🤖 AI Summary
Deep learning models are vulnerable to adversarial attacks in safety-critical applications, yet effective unsupervised detection methods—especially those not requiring adversarial examples for training—remain scarce. To address this, we propose U-CAN, an unsupervised adversarial detection framework that operates without access to adversarial samples during training. U-CAN embeds a lightweight contrastive auxiliary network into intermediate layers of the target model; guided by ArcFace, this network projects features into a contrastive space where class-discriminative boundaries are implicitly modeled, enabling robust identification of anomalous feature behaviors. The framework is plug-and-play and architecture-agnostic, supporting ResNet, VGG, and ViT. Evaluated on CIFAR-10, Mammals, and an ImageNet subset against four attack types (including FGSM and PGD), U-CAN achieves state-of-the-art F1 scores among unsupervised methods—marking the first instance of high-accuracy, cross-architecture adversarial detection without reliance on adversarial training data.
📝 Abstract
Deep learning models are widely employed in safety-critical applications yet remain susceptible to adversarial attacks -- imperceptible perturbations that can significantly degrade model performance. Conventional defense mechanisms predominantly focus on either enhancing model robustness or detecting adversarial inputs independently. In this work, we propose an Unsupervised adversarial detection via Contrastive Auxiliary Networks (U-CAN) to uncover adversarial behavior within auxiliary feature representations, without the need for adversarial examples. U-CAN is embedded within selected intermediate layers of the target model.
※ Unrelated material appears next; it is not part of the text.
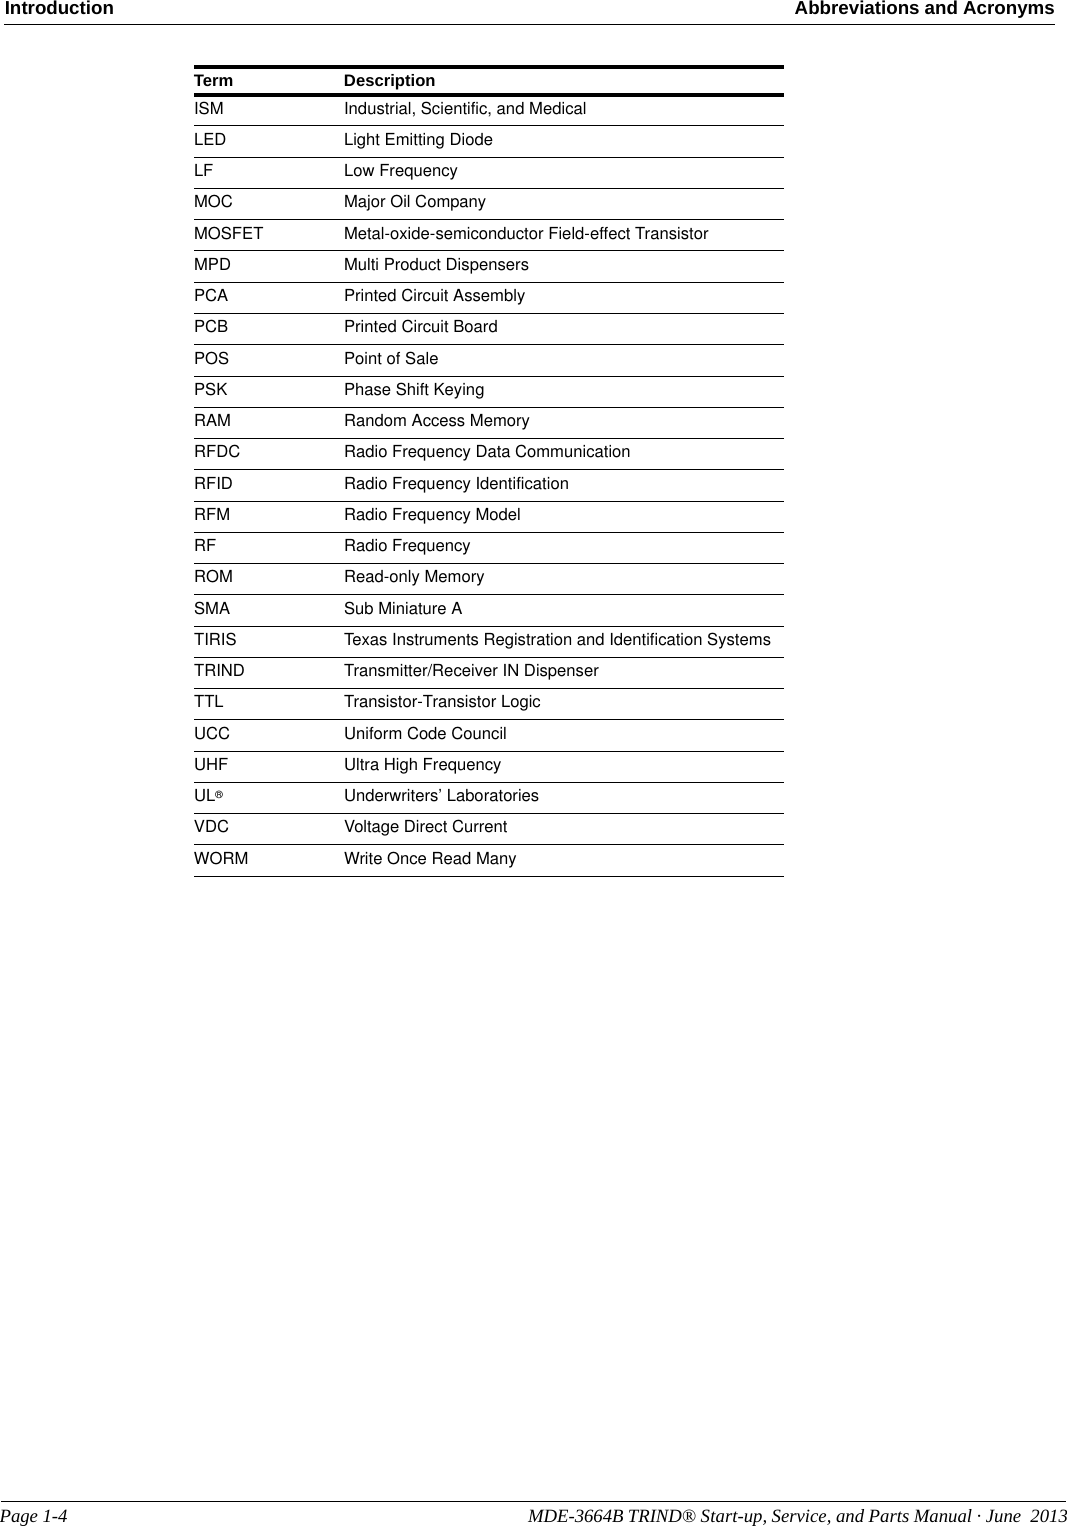 Page 1-4                                                                                                     MDE-3664B TRIND® Start-up, Service, and Parts Manual · June  2013Introduction Abbreviations and AcronymsISM Industrial, Scientific, and MedicalLED Light Emitting DiodeLF Low FrequencyMOC Major Oil CompanyMOSFET Metal-oxide-semiconductor Field-effect TransistorMPD Multi Product DispensersPCA Printed Circuit AssemblyPCB Printed Circuit BoardPOS Point of SalePSK Phase Shift KeyingRAM Random Access MemoryRFDC Radio Frequency Data CommunicationRFID Radio Frequency IdentificationRFM Radio Frequency ModelRF Radio FrequencyROM Read-only MemorySMA Sub Miniature ATIRIS Texas Instruments Registration and Identification SystemsTRIND Transmitter/Receiver IN DispenserTTL Transistor-Transistor LogicUCC Uniform Code CouncilUHF Ultra High FrequencyUL®Underwriters’ LaboratoriesVDC Voltage Direct CurrentWORM Write Once Read ManyTerm Description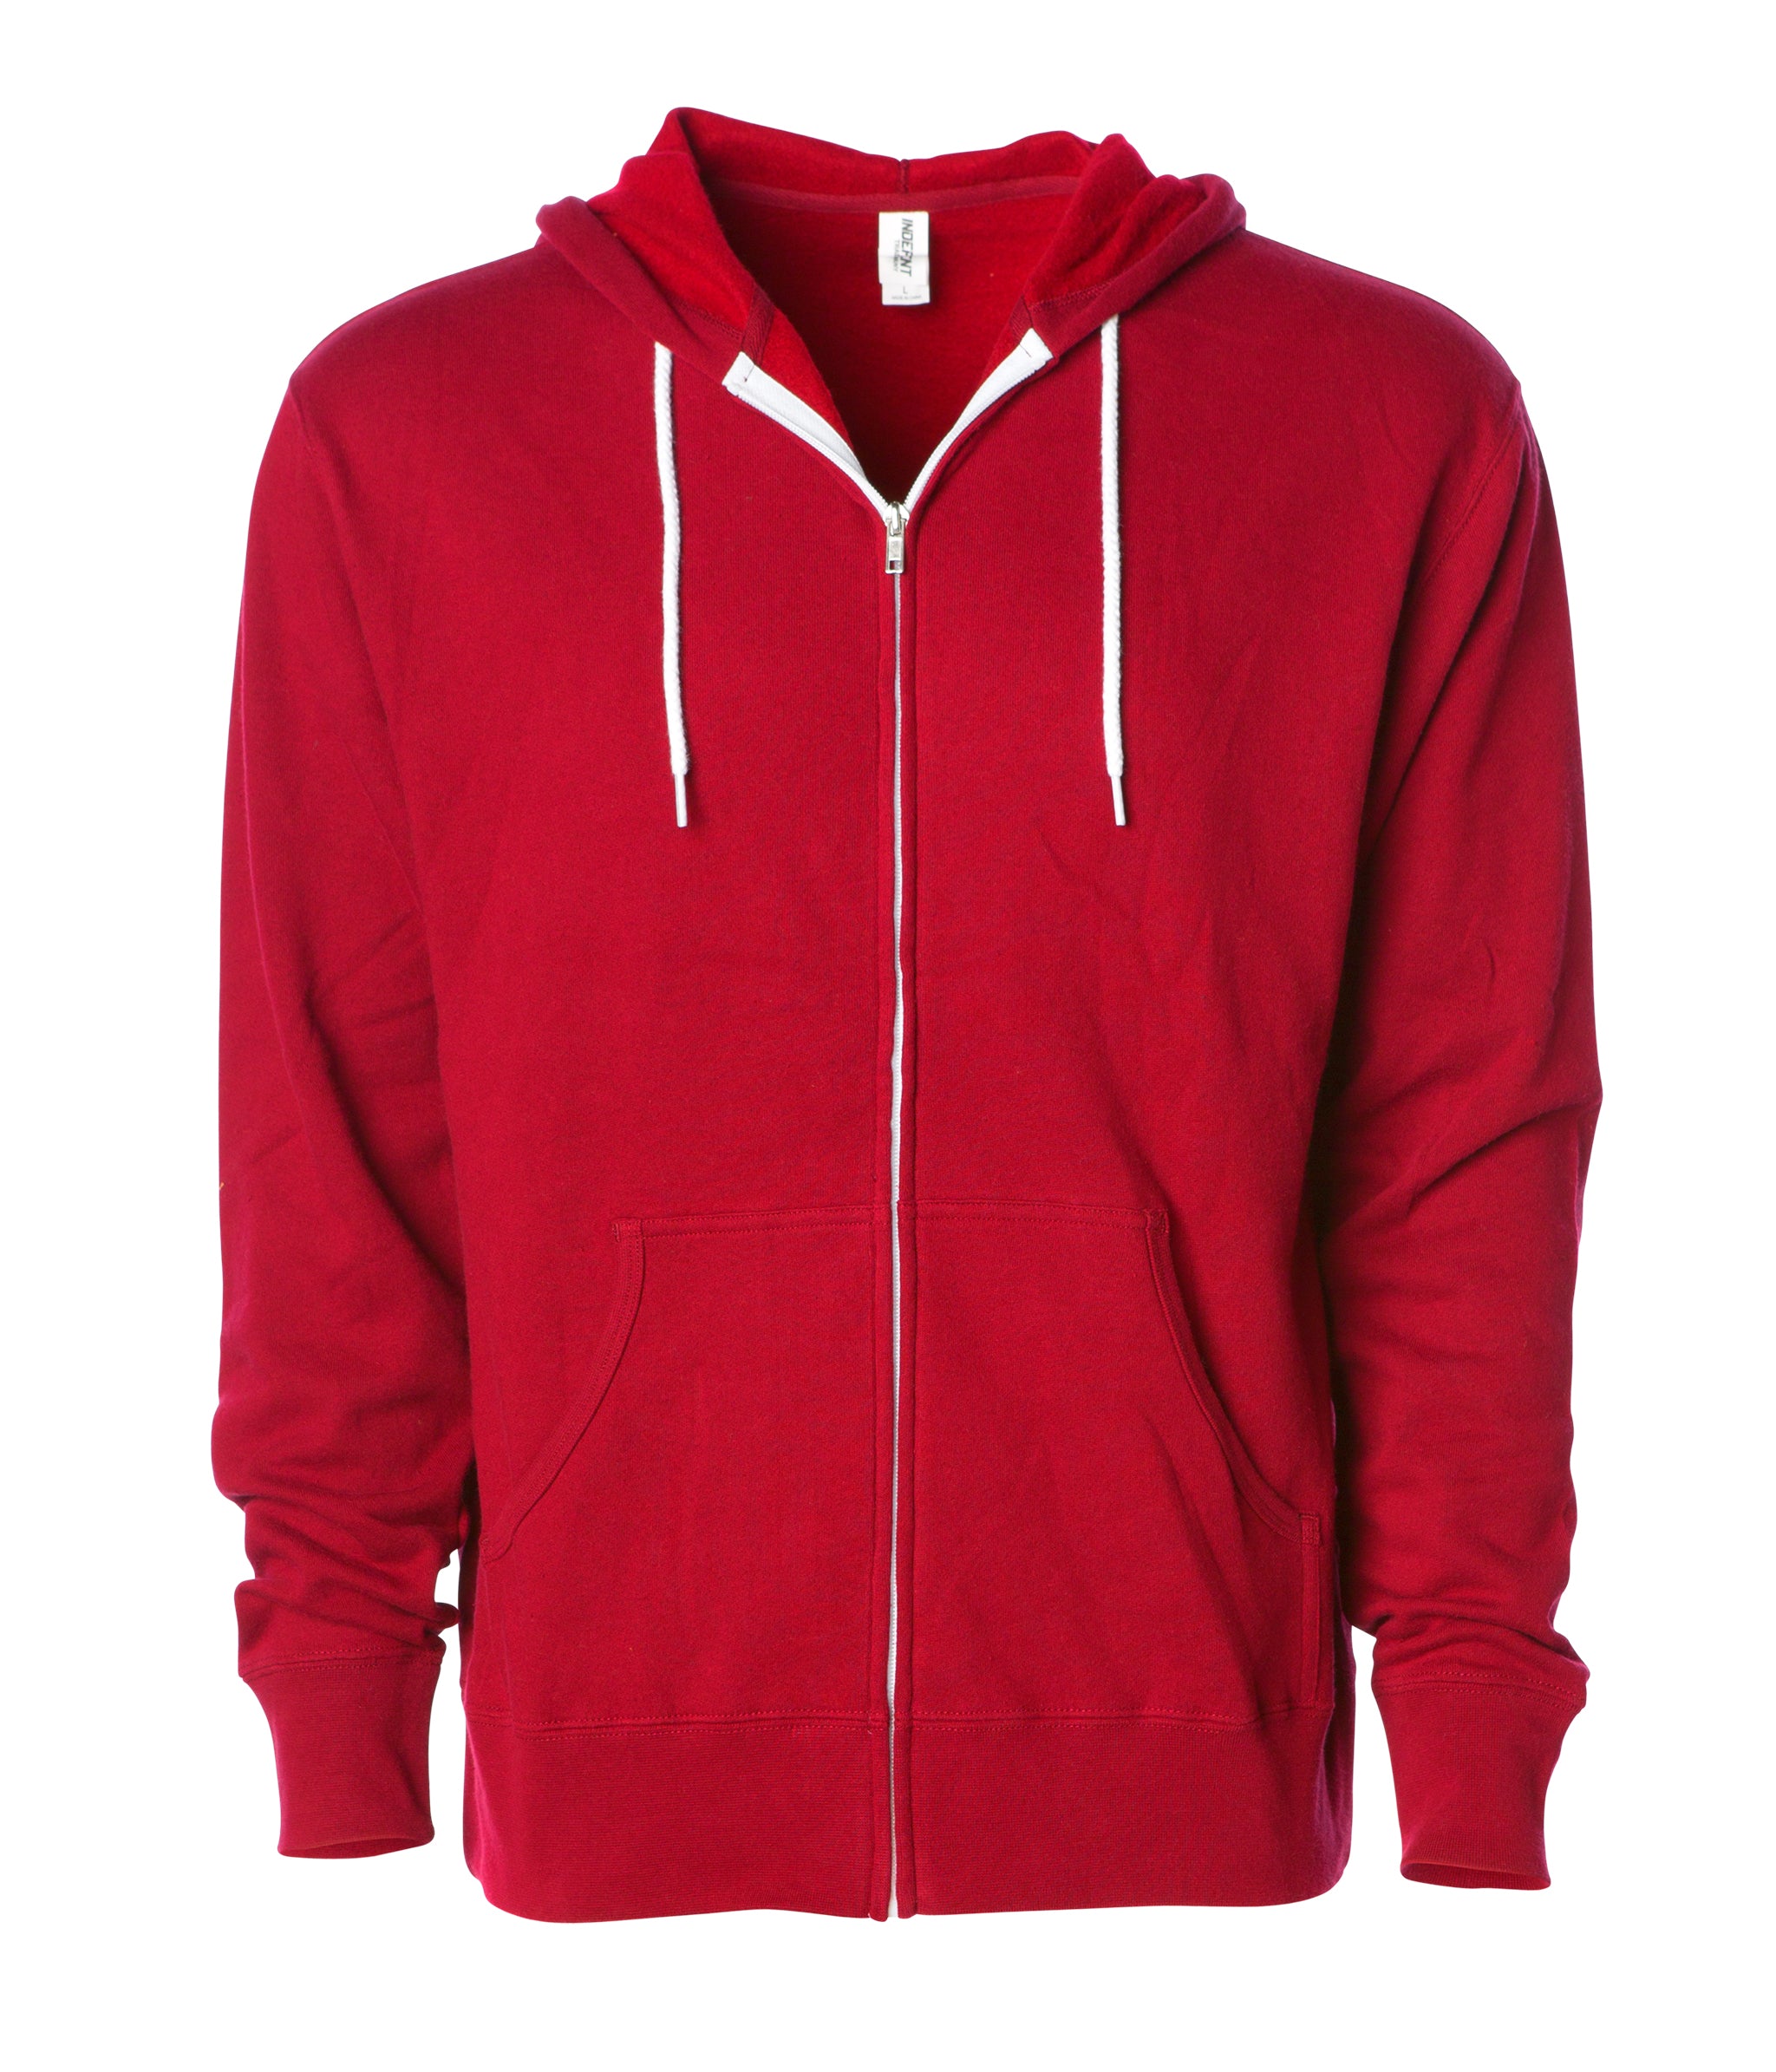 red hoodie sweater

These auxiliary networks, comprising projection layers and ArcFace-based linear layers, refine feature representations to more effectively distinguish between benign and adversarial inputs. Comprehensive experiments across multiple datasets (CIFAR-10, Mammals, and a subset of ImageNet) and architectures (ResNet-50, VGG-16, and ViT) demonstrate that our method surpasses existing unsupervised adversarial detection techniques, achieving superior F1 scores against four distinct attack methods. The proposed framework provides a scalable and effective solution for enhancing the security and reliability of deep learning systems.